Ø D'une part, ne pas remettre en cause le cadre ou l'esprit général de la politique de lutte contre l'artificialisation des sols introduite par la loi Climat-résilience. En particulier, elle ne modifie ni l'objectif national de réduction de 50 % de l'artificialisation en 2031 ni l'objectif d'atteinte de la « zéro artificialisation nette » en 2050. Elle ne remet pas non plus en cause l'application de cette politique à l'ensemble du territoire français : l'incontestable urgence climatique et environnementale doit engager l'ensemble de la Nation dans une démarche commune de sobriété foncière.

Ø D'autre part, adapter, compléter et réinsuffler au texte de la loi Climat-résilience l'esprit de décentralisation et de différenciation défendu de manière constante par le Sénat, et que les décrets d'application ont contribué à dévoyer. L'aménagement du territoire et l'urbanisme sont, avant tout, des compétences locales, absolument centrales pour les libertés locales, le développement des territoires, et la lutte contre les inégalités. Face à la tentation étatique d'un centralisme déguisé, il est primordial de démontrer que la transition environnementale ne pourra se faire sans les collectivités et sans la décentralisation. C'est dans cet esprit que les auteurs proposent d'améliorer le dialogue territorial et de doter les collectivités de nouveaux outils pour répondre aux défis de demain.

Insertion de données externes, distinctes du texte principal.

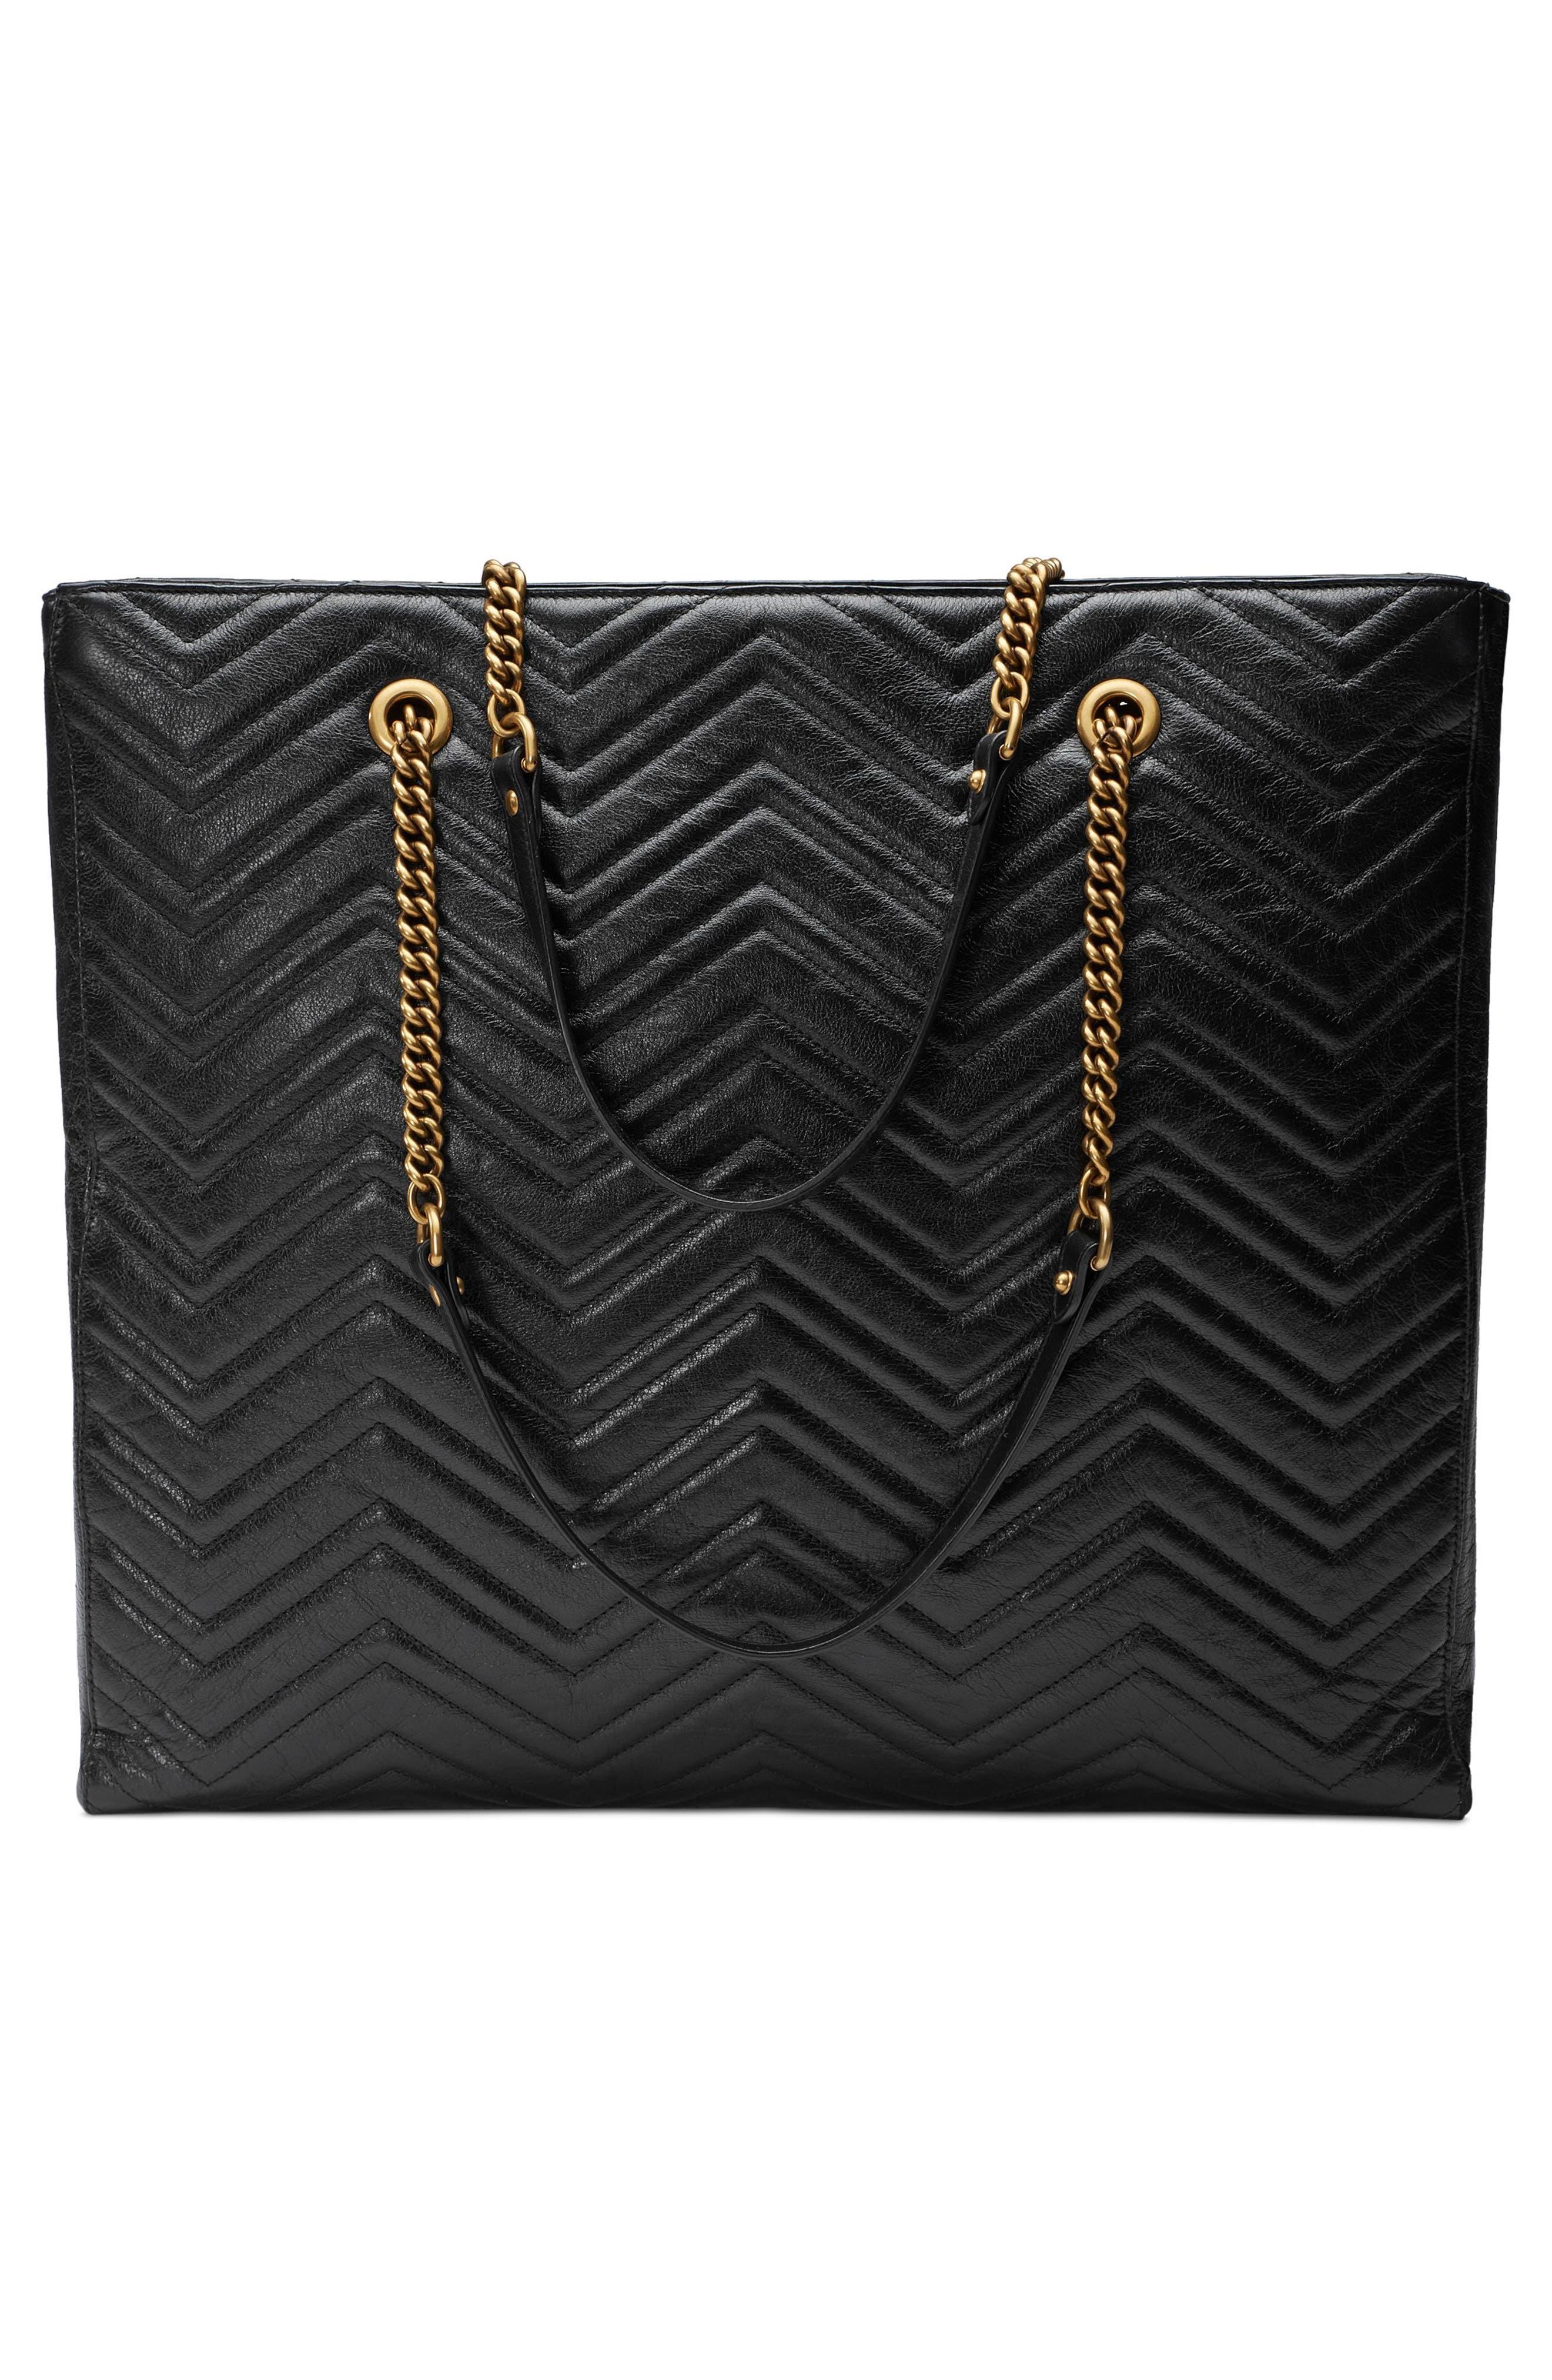 GG Marmont 2.0 Matelassé Leather North/South Tote Bag,                             Alternate thumbnail 2, color,                             NERO/ NERO

Les 13 articles de la proposition de loi s'organisent ainsi autour de quatre axes d'action .

FAVORISER LE DIALOGUE TERRITORIAL
ET RENFORCER LA GOUVERNANCE DÉCENTRALISÉE

Article 1 er - Laisser le temps au dialogue territorial en prolongeant d'un an le délai laissé pour la modification des documents régionaux et en adaptant les étapes de la procédure de modification du SRADDET

Article 2 - Restaurer un rapport de prise en compte plutôt que de compatibilité entre les documents régionaux et les documents d'urbanisme locaux, conformément à la répartition des compétences décentralisées

Article 3 - Instaurer une gouvernance décentralisée du « ZAN » associant de manière renforcée l'échelon communal au sein d'une « conférence régionale de gouvernance »

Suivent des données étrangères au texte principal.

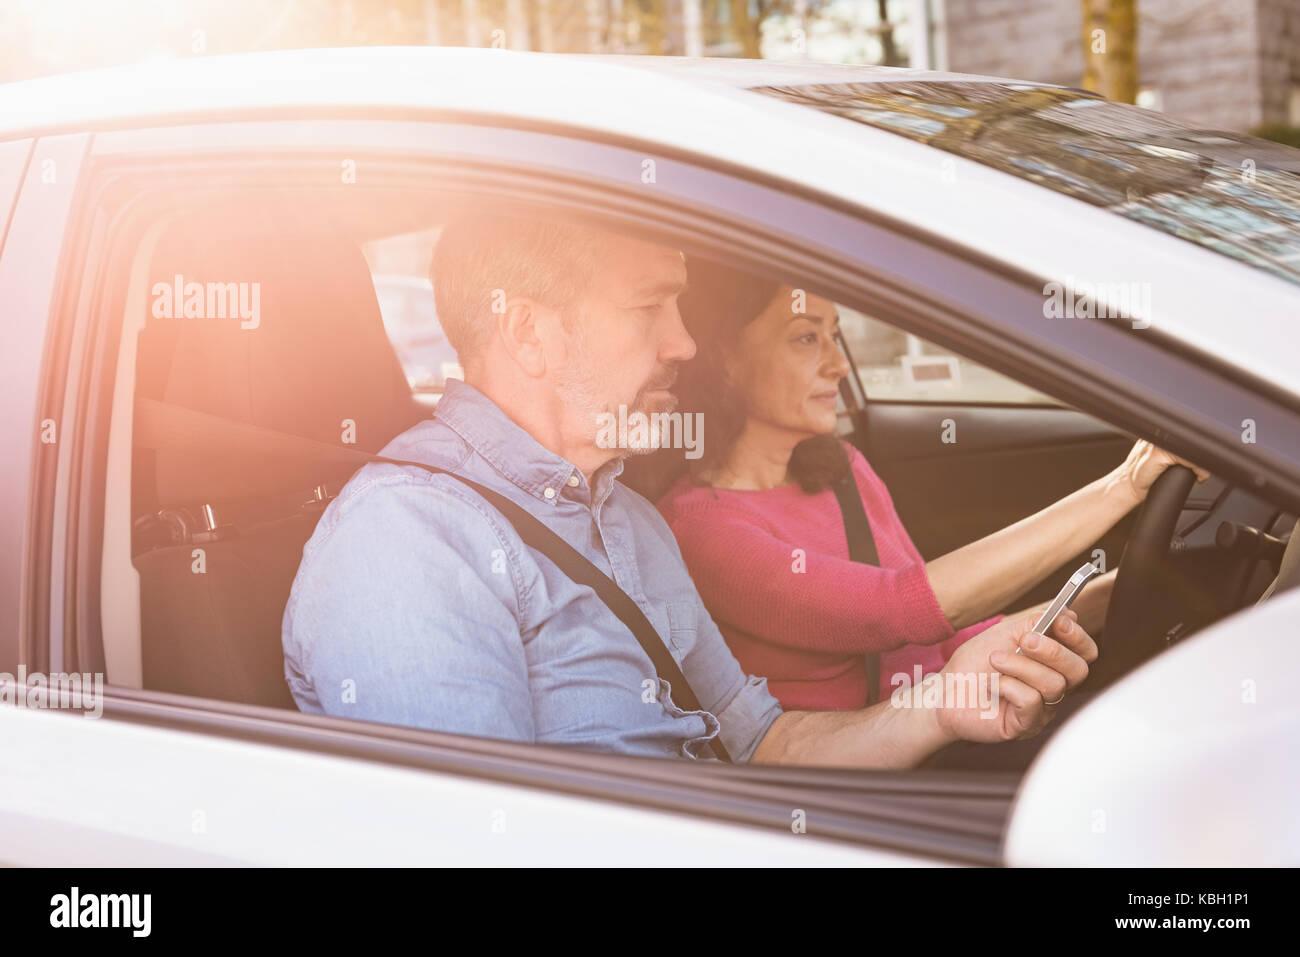 2932x2932 Pubg Android Game 4k Ipad Pro Retina Display Hd: Car Safety Seat Stock Photos & Car Safety Seat Stock

ACCOMPAGNER LES PROJETS STRUCTURANTS DE DEMAIN

Article 4 - Préserver les grands projets en prévoyant qu'ils fassent l'objet d'une comptabilisation séparée et ne pèsent pas sur les enveloppes des collectivités concernées

Article 5 - Faciliter la mutualisation de projets d'ampleur régionale, en prévoyant notamment un « droit de proposition » pour les communes et EPCI

MIEUX PRENDRE EN COMPTE LES SPÉCIFICITÉS DES TERRITOIRES

Article 6 - Améliorer la prise en compte des efforts de réduction de l'artificialisation déjà réalisés par les collectivités territoriales dans le passé

Article 7 - Garantir à chaque commune une « surface minimale de développement communale » d'un hectare : la répartition territoriale de l'effort de réduction de l'artificialisation ne pourra pas conduire à octroyer à une commune une enveloppe inférieure à cette surface minimale, risque réel au sein de la ruralité

Article 8 - Sanctuariser une « part réservée au développement territorial » pour les projets d'intérêt général non anticipés ou qui ne rentreraient pas dans les enveloppes initiales affectées aux communes et EPCI

Article 9 - Mieux protéger les espaces verts et la nature en ville, tout en facilitant la densification des espaces déjà urbanisés

Article 10 - Prendre en compte l'impact du recul du trait de côte et ne pas empêcher la recomposition spatiale du littoral ; prendre en compte les spécificités des territoires de montagne et ultramarins au regard du « ZAN »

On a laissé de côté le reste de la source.